The issue of packaging also came up at the recent International Conference on Environment and Renewable Energy, in Ho Chi Minh City, Vietnam. Hiroko Seki, a postdoctoral fellow at Tokyo University of Marine Science and Technology, compared Styrofoam to cardboard as a means for transporting tuna. She found that cardboard is cheaper during the manufacturing and transit phases. Plus, it decomposes, so is better for the environment.
Researchers are currently working on a prototype of corrugated cardboard that will survive in the water, which could significantly reduce waste in seafood logistics in the future.

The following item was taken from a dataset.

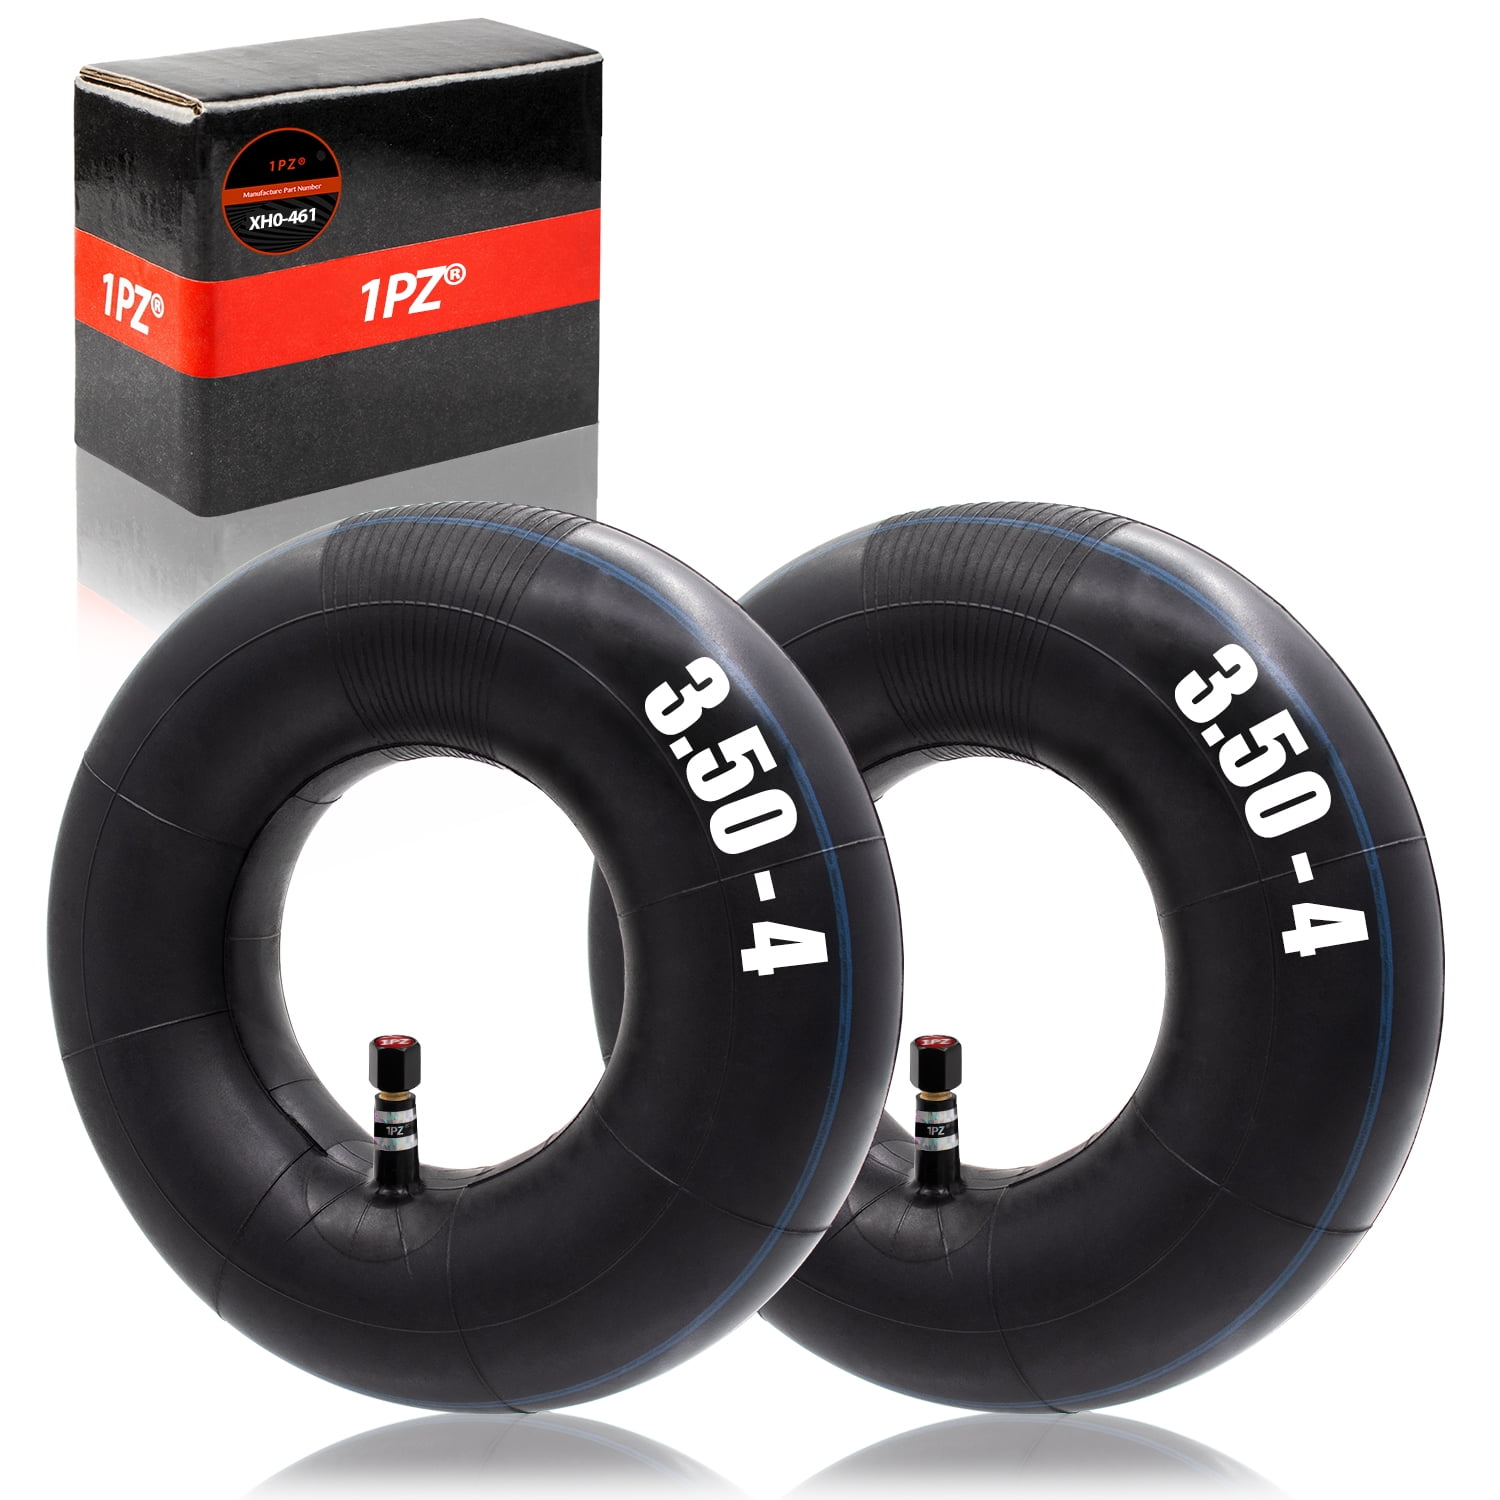 23x8.50-12 NHS TR13 Stem Valve with *FREE SHIPPING* Tire Inner Tube Set of 2 
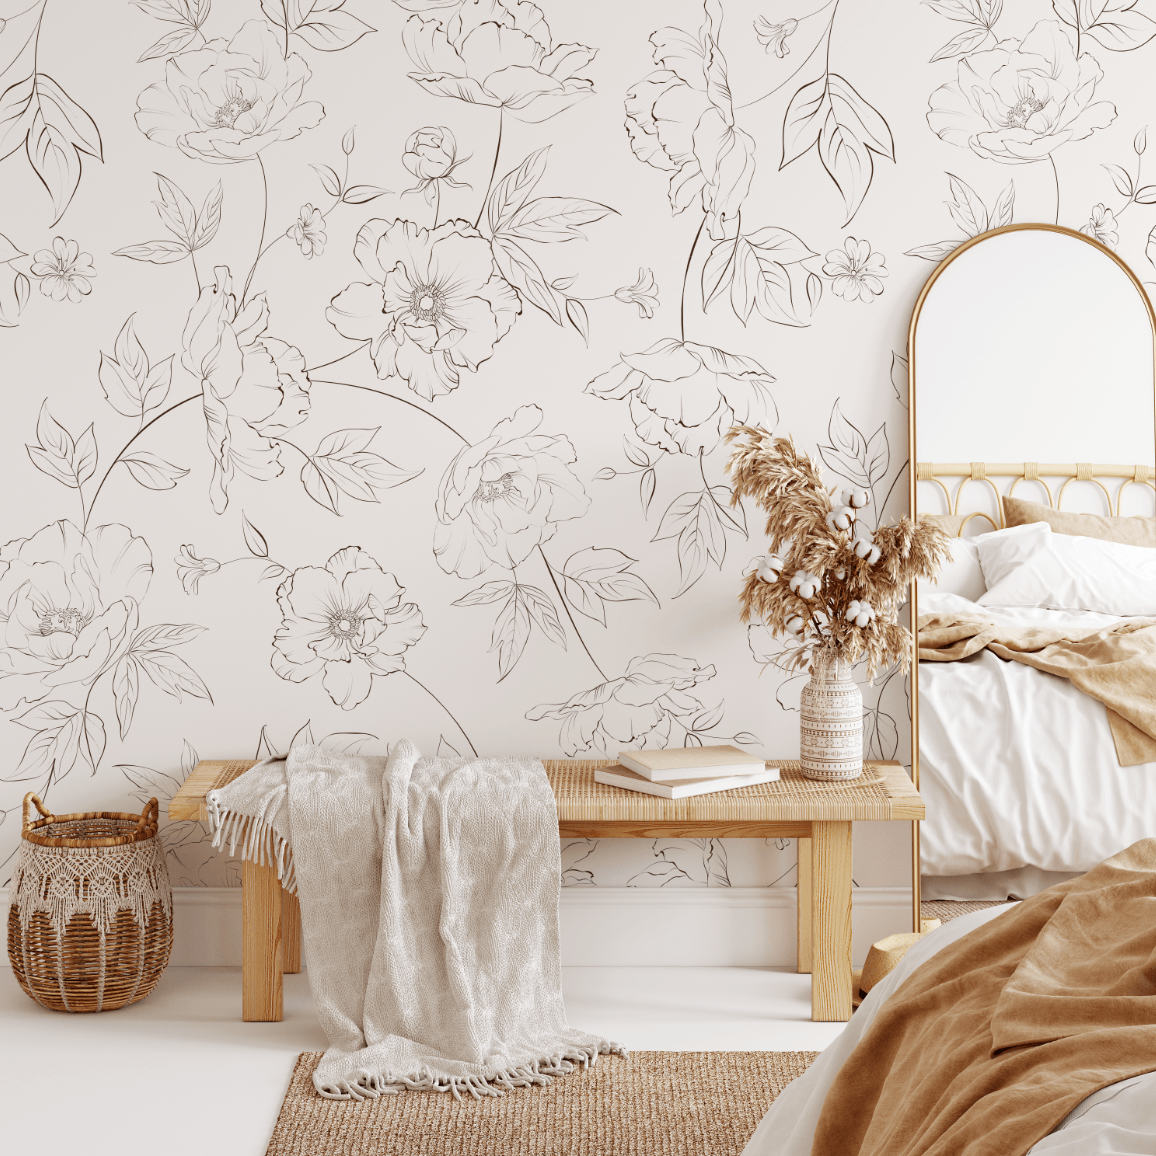 Large Floral Wallpaper Designs - 5 Must-Have Murals | For The Floor & More

Gonzales, the researcher who focused on cabbage, says there are other benefits to reducing waste: self-sufficiency, food security — even higher earnings. "Farmers, retailers, wholesalers, as well as consumers must adapt this technology so that we're able to increase our profits," he says.
Advocates say that on the consumer level, there are everyday things people can also do to help reduce food waste: don't overspend at the grocery store; and don't obsess too much about being sure your apples or carrots look like they do in the movies.